Dose anybody else love this show?I started watching it a lot more during the Christmas season and I really enjoy it because its entertaining,intresting and just a great watch:thumb:The most annoying thing is there is only a couple of Mythbusters DVD's for the UK market the rest you have to import them from the US


----------



## HC1001 (May 27, 2007)

I love Mythbusters Ross, one of my fav shows..................:thumb:

Kari Byron = Mmmmmmmmmmmmmm


----------



## abd1973 (Aug 27, 2007)

Me too Im am addict.

Kari byron

Web site here http://www.karibyron.com/


----------



## Dan! (Nov 28, 2009)




----------



## Ross (Apr 25, 2007)

HC1001 said:


> I love Mythbusters Ross, one of my fav shows..................:thumb:
> 
> Kari Byron = Mmmmmmmmmmmmmm


Kari is lovely:thumb:


----------



## Dipesh (Oct 12, 2007)

It's a cool program but sometimes those blokes give me a headache with their enthusiasm!


----------



## Leodhasach (Sep 15, 2008)

I love it  Unfortunately don't get to see it as much as I used to.
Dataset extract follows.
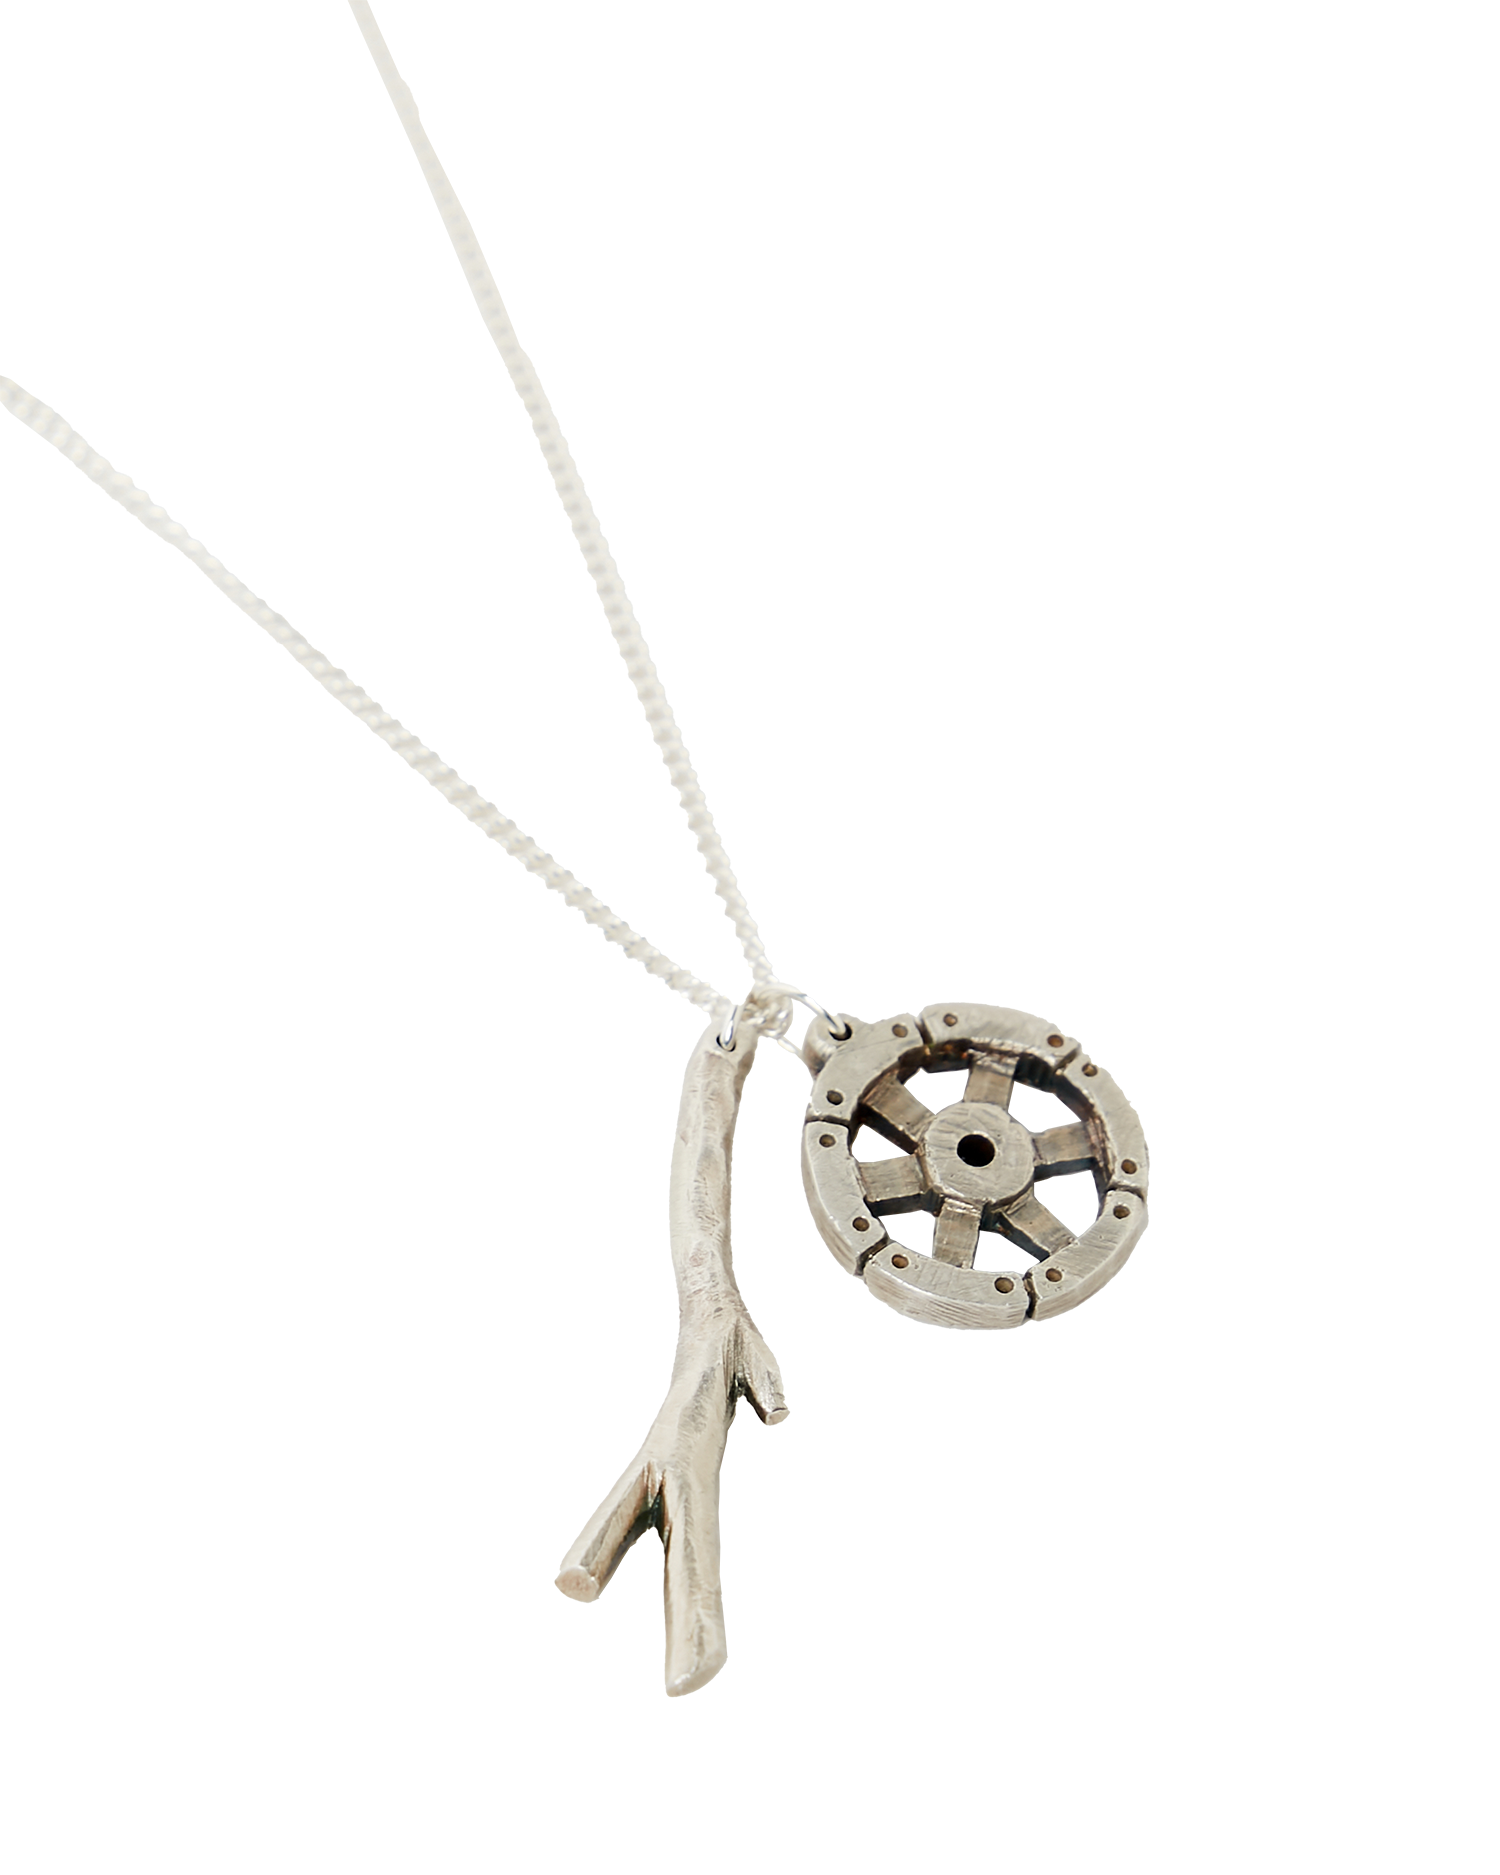 Stick In The Wheel Chain - Oxidised Silver

At the end of a Californian holiday just over a year ago, on our way to San Francisco airport, I made sure to stop by their workshop (it was on the way) and get a pic of me at the door :lol:










Nobody was in though


----------



## flyfs6 (Nov 13, 2006)

I watch it a lot too and find most of the stuff very interesting. They do some seriously mad missions though.


----------



## rob28 (Nov 7, 2008)

I saw a new one the other day where they tried to finally split a car in 2 with the snow plough. They failed first time - so now they use rockets.....


----------



## remal (Dec 10, 2007)

I'm really enjoying it and in AUg/Sept last year was off work a few weeks due to a big Op and watched loads of Mythbusters

and as for Kari byron :argie:


----------



## Ross (Apr 25, 2007)

I like they way if the Myth is Busted they will do anything to make it work which usually means a big bang:lol:


----------



## remal (Dec 10, 2007)

RosswithaOCD said:


> I like they way if the Myth is Busted they will do anything to make it work which usually means a big bang:lol:


one of the best things, they are just big kids. But who would not want to do their job:thumb:


----------



## Ross (Apr 25, 2007)

remal said:


> one of the best things, they are just big kids. But who would not want to do their job:thumb:


I will take is as long as I can work with Kari:lol:


----------



## IanG (Nov 21, 2007)

Kari Byron :argie:


----------



## Ross (Apr 25, 2007)

I think Jamie has some serious engineering talent IE making full sized Remote controlled cars but I am not so sure on his handlebar tash:lol:


----------